Nevertheless, despite his unreliable mathematics, Oppenheimer was successfully putting both Berkeley and Caltech on the international map. When distinguished physicists came to California, the man who made t
he most impression on them was usually Oppenheimer. This was certainly the case when God himself, Niels Bohr, came to Pasadena in the summer of 1933. This was the only opportunity Oppenheimer had had to discuss physics with his greatest scientific idol since their initial meeting at Cambridge in 1926, and it seems to have been remembered by both as a pleasant and instructive occasion. At the very end of their 1933 paper, Oppenheimer and Plesset extend their ‘profound thanks’ to Niels Bohr, ‘who has helped us to understand the essential consistency of the theory which we have here applied’. For his part, Bohr was very pleased to be able to discuss physics with Oppenheimer, his meeting with whom seems to have been the highlight of his visit. He was much less enchanted with Millikan, but nevertheless agreed to meet the trustees of Caltech to tell them how well the school of physics was doing. On 14 June 1933, Oppenheimer wrote to Bohr to thank him for his visit, and to send him a copy of the paper he had written with Plesset, who was about to leave Pasadena to spend a year at Bohr’s institute.

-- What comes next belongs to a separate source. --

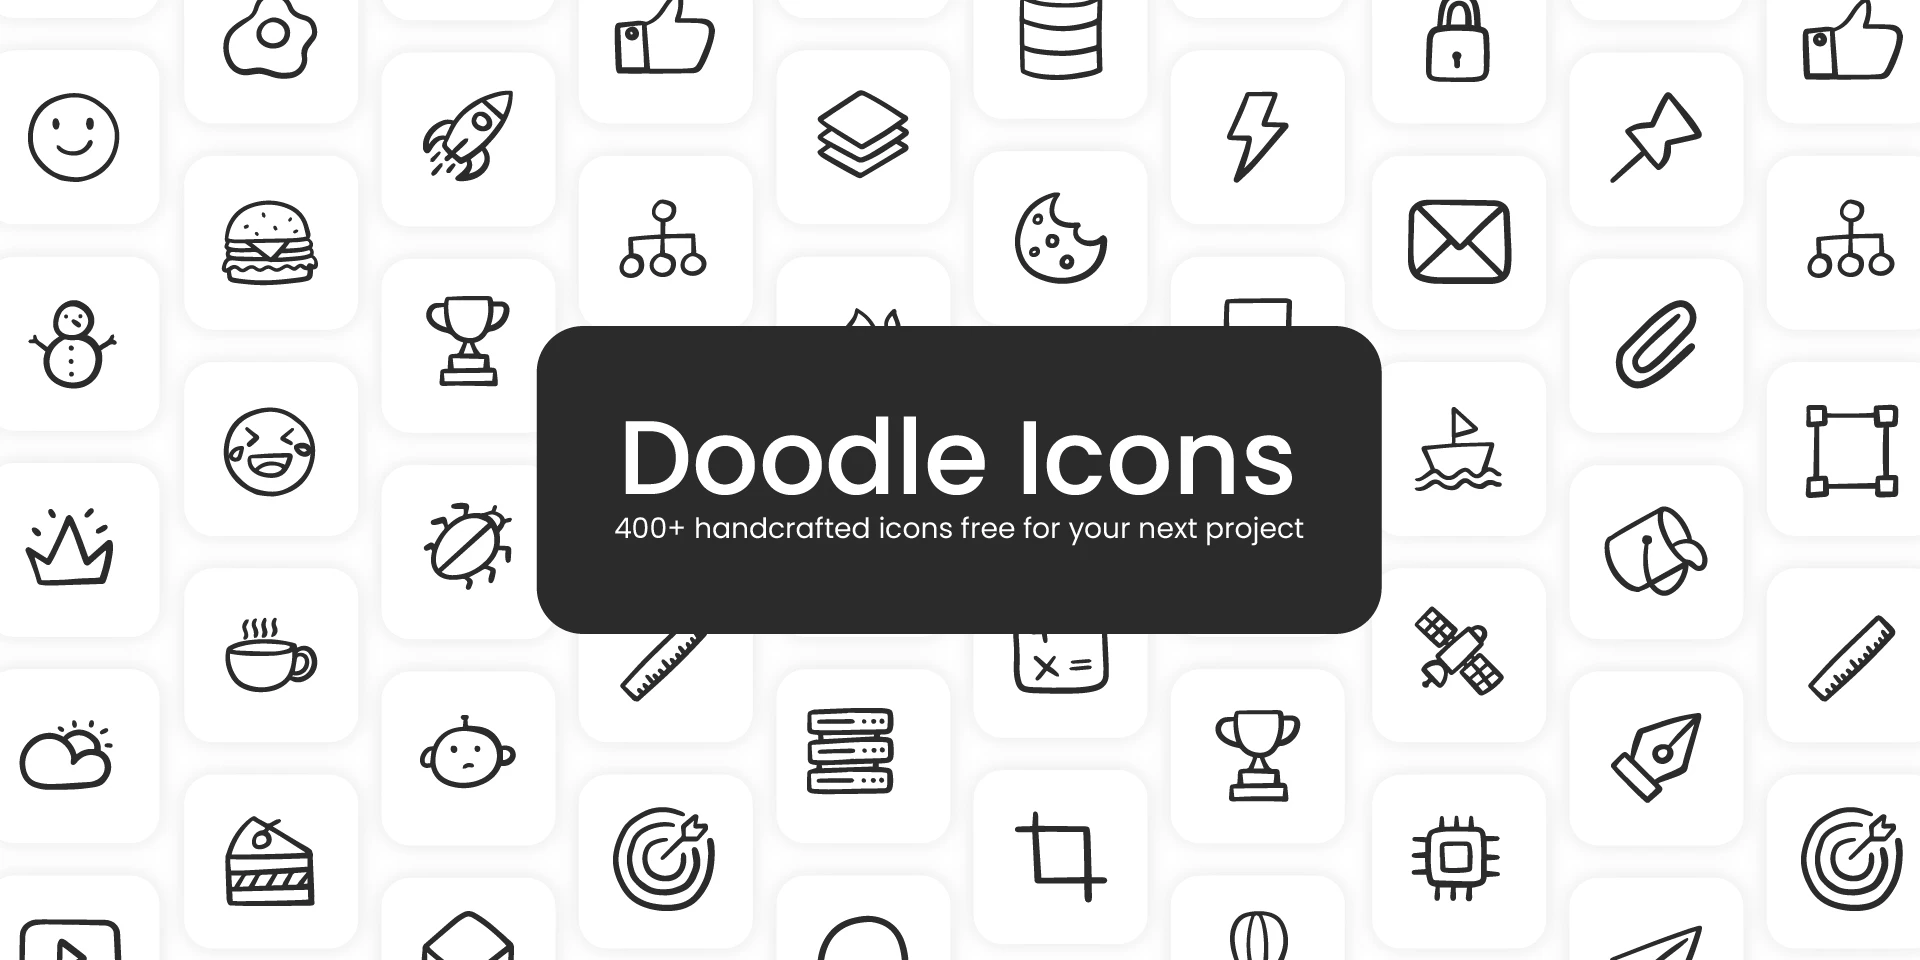 Doodle icons for Figma and Adobe XD

Plesset remembers that Bohr’s institute that summer was ‘swarming’ with refugees from Nazi Germany, mostly Jewish scientists. Shortly after Plesset’s arrival, the institute held its annual seminar, which for a number of reasons is remembered as a melancholy occasion. Dirac, Heisenberg and Ehrenfest were among the attendees, and Plesset recalls ‘a lot of discussion over the validity of Dirac’s theory. People were groping still.’

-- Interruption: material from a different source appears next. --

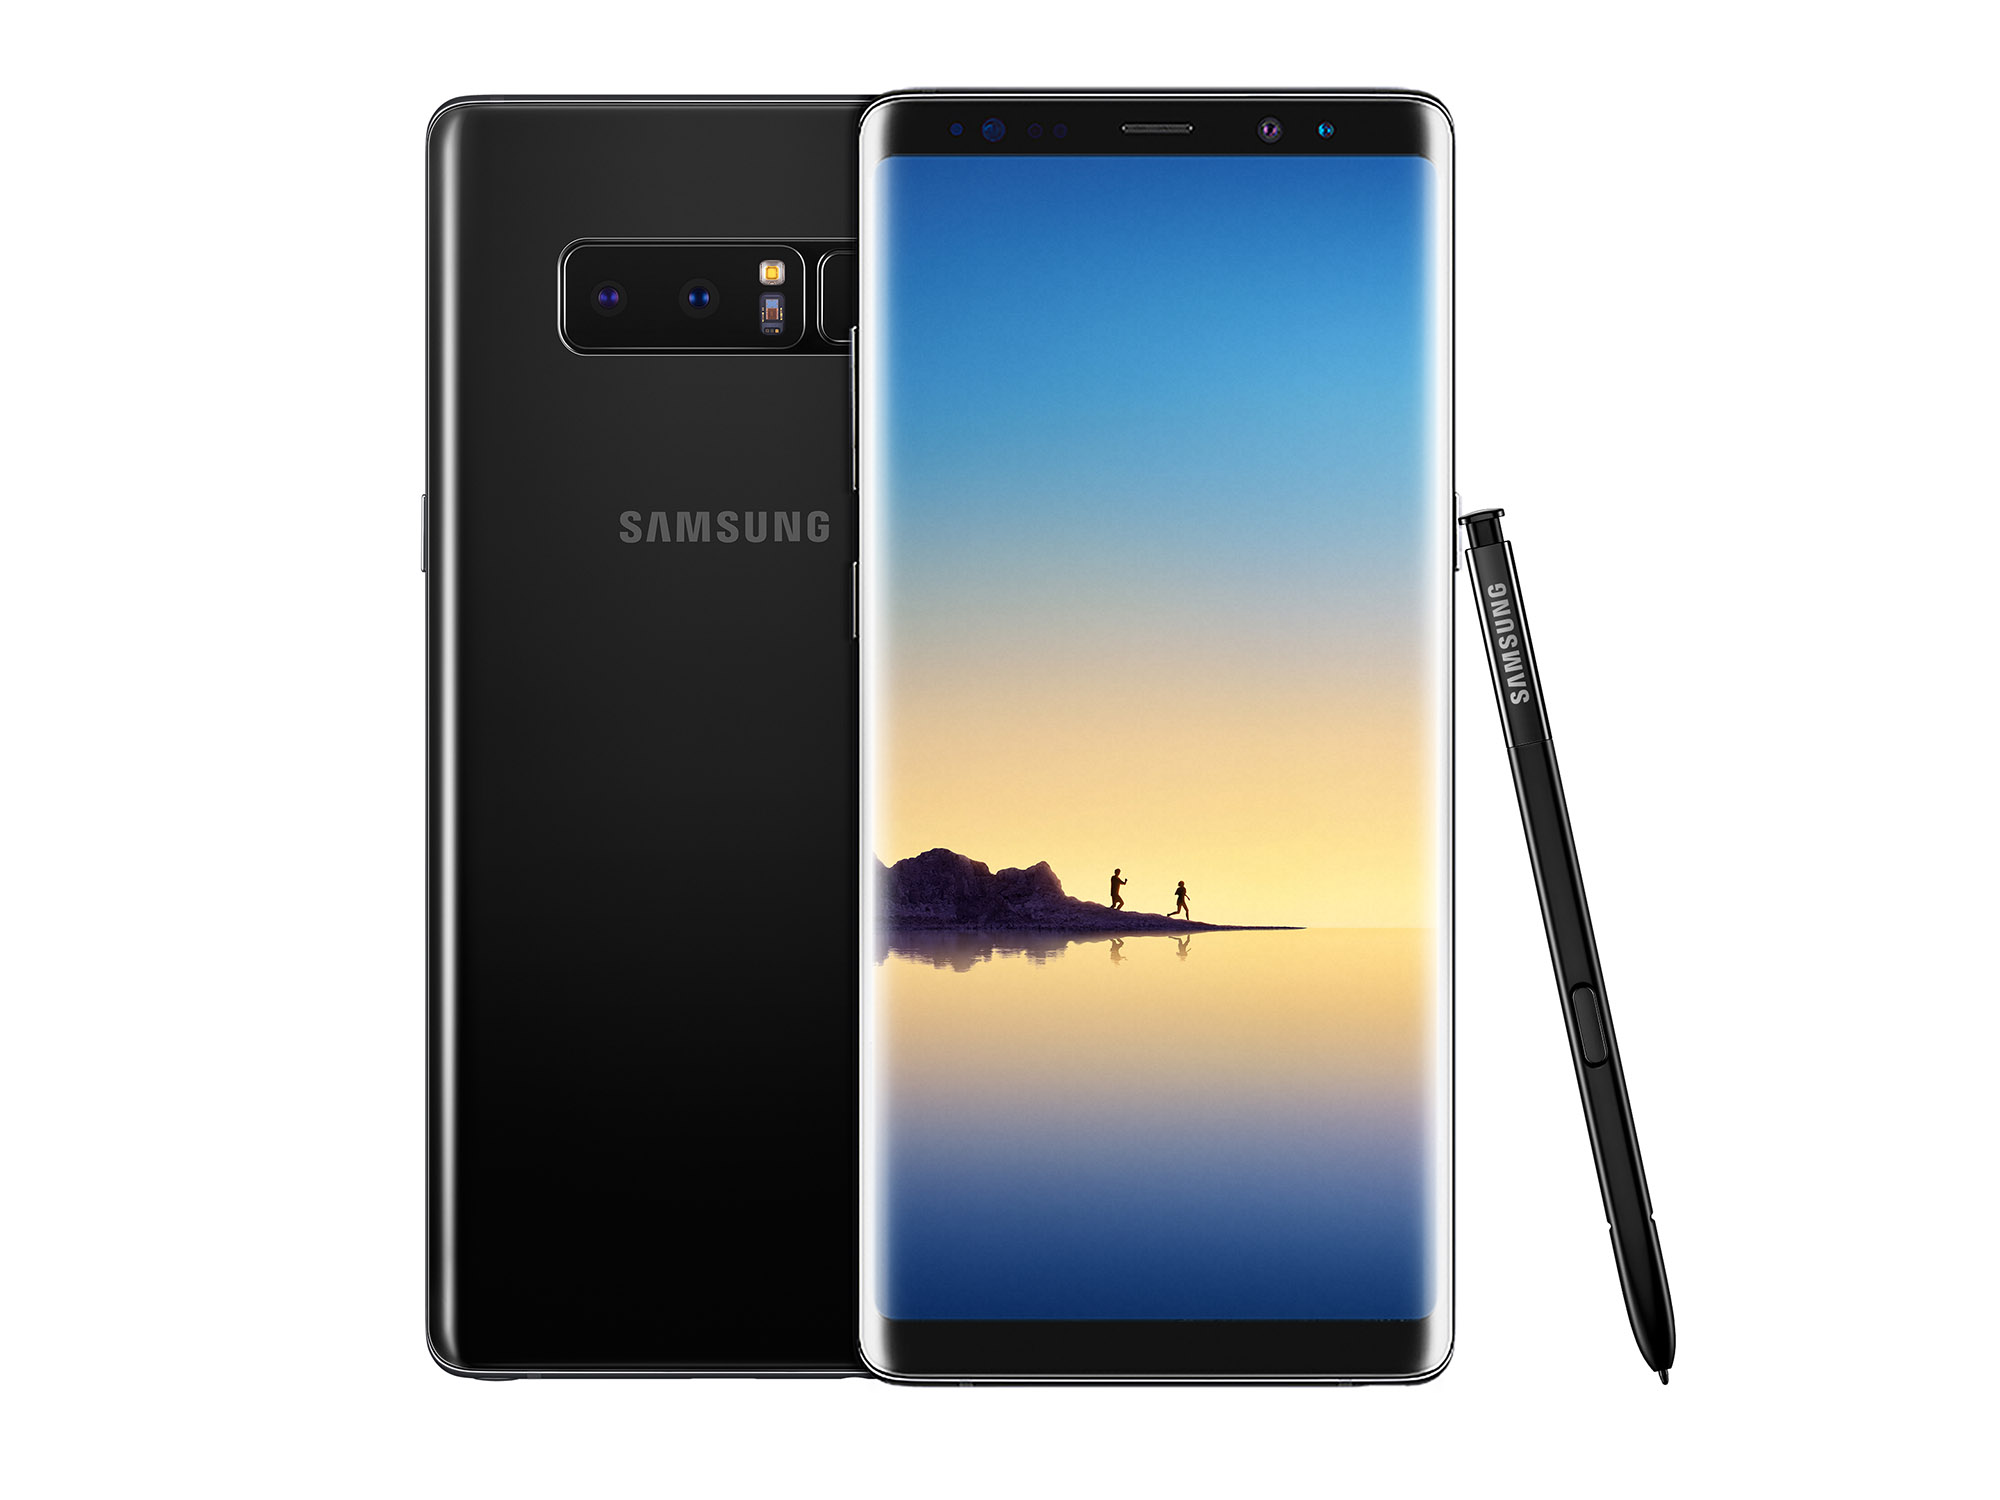 Samsung Galaxy Note 8: The best smartphone for zoom - DxOMark

In especially poor spirits at Bohr’s seminar was Paul Ehrenfest, who was described as looking ‘pudgy-faced and overweight’ and ‘losing his grip on physics’. When the time came to leave, Dirac, who had grown close to Ehrenfest, saw him waiting for a taxi, looking flustered and unhappy, and thanked him for his contributions to the discussions. This elicited from Ehrenfest an extreme and, for Dirac, extremely worrying, reaction: ‘What you have said, coming from a young man like you, means very much to me because, maybe, a man such as I feels he has no force to live.’ A few days later, the dreadful news came that Ehrenfest had shot himself, prompting Dirac to write a four-page letter to Bohr describing in detail his last moments with Ehrenfest and telling him that he could not help blaming himself for what had happened.